– Ну ладно, – прервал его Громов. Селиванов уже не острил, а только мерзко хихикал, представляя, видимо, как Батуга бежит из Дегунина со скоростью света, а Громов преследует его на тачанке. – Он тут своих оставил, я ж не говорю, что его лично бил… Короче, я на рассвете выдвигаюсь.
– Выдвигайся, выдвигайся. Отметить нечем, все выжрали…
– Ладно, отбой.
Громов с тоской подумал о том, как он будет оповещать людей о предстоящем марше.

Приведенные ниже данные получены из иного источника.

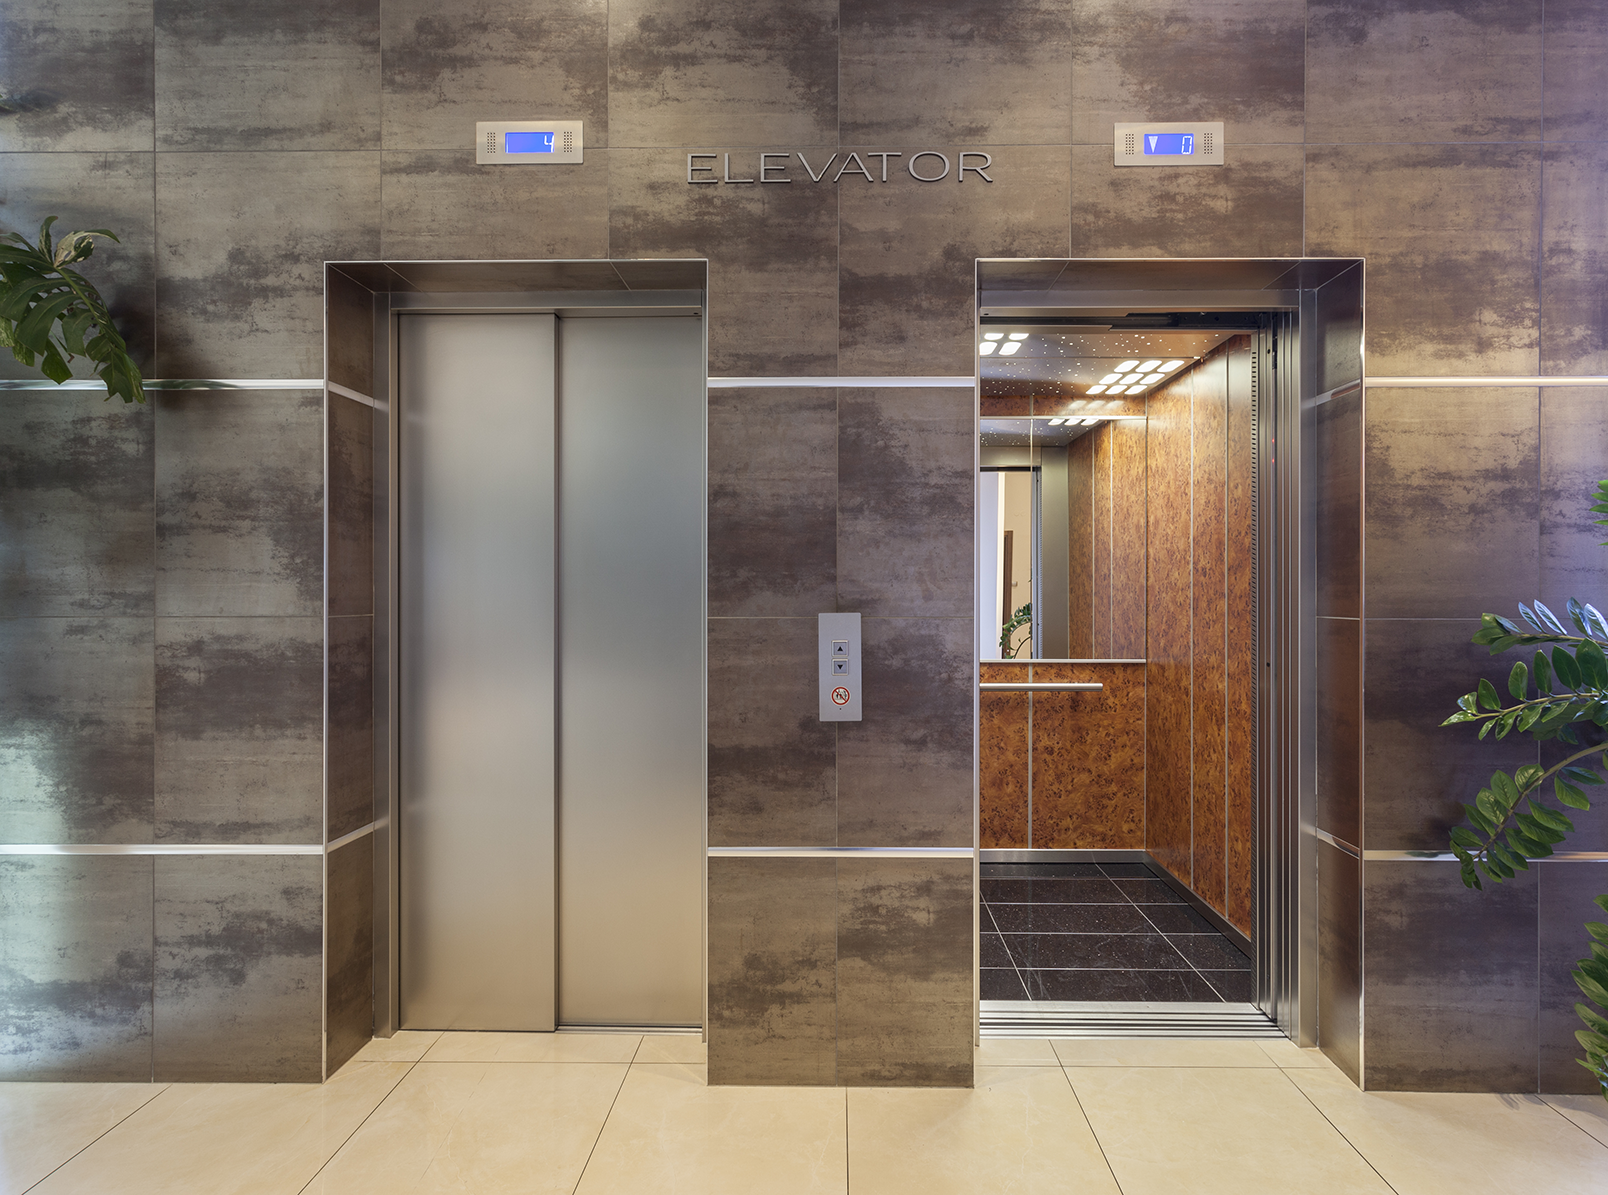 Elevator modernisation: Is it time?

Рота уже расположилась на отдых, грелась по дегунинским печкам, рассредоточивалась по равнодушно-щедрым, привычным ко всему дегунинским бабам, которые с одинаковой покорностью пускали на постой и в койку все воюющие стороны по очереди; уже, вероятно, доставали из погребов последнее, что удалось там наскрести после батугинской гульбы… При мысли о предстоящем марше и общем ропоте Громову стало окончательно тошно. Он решил с вечера никому ничего не говорить, а в три часа поднять людей по тревоге. Самому, конечно, ложиться уже не имело смысла – он знал, что подняться в три ему будет трудней, чем прободрствовать пару лишних часов.
– Ладно, – отпустил он связиста. – Укладывайтесь вон в соседней комнате, если что-то срочное – будите. Папатя, скажи там Гале, чтобы чего-нибудь собрала по-быстрому…
Он всегда стоял в этой просторной, приземистой, широкой и плоской избе, у немолодой, такой же широкой и приземистой Гали. Больше всего его изумляла неиссякаемость Галиных запасов: сколько бы армий, банд и орд ни прокатывалось через Дегунино, для всех из подпола извлекались огурцы, квашеная капуста, всяческие соленые травы, которых москвич Громов никогда не пробовал, – чабрец, тимьян, загадочный брандахлыст, – и густая дегунинская сметана, и ледяное молоко, и в печи всегда оказывался чугунок картошки, а то и пирог – «Поснедайте, освободители, как знала, только поставила».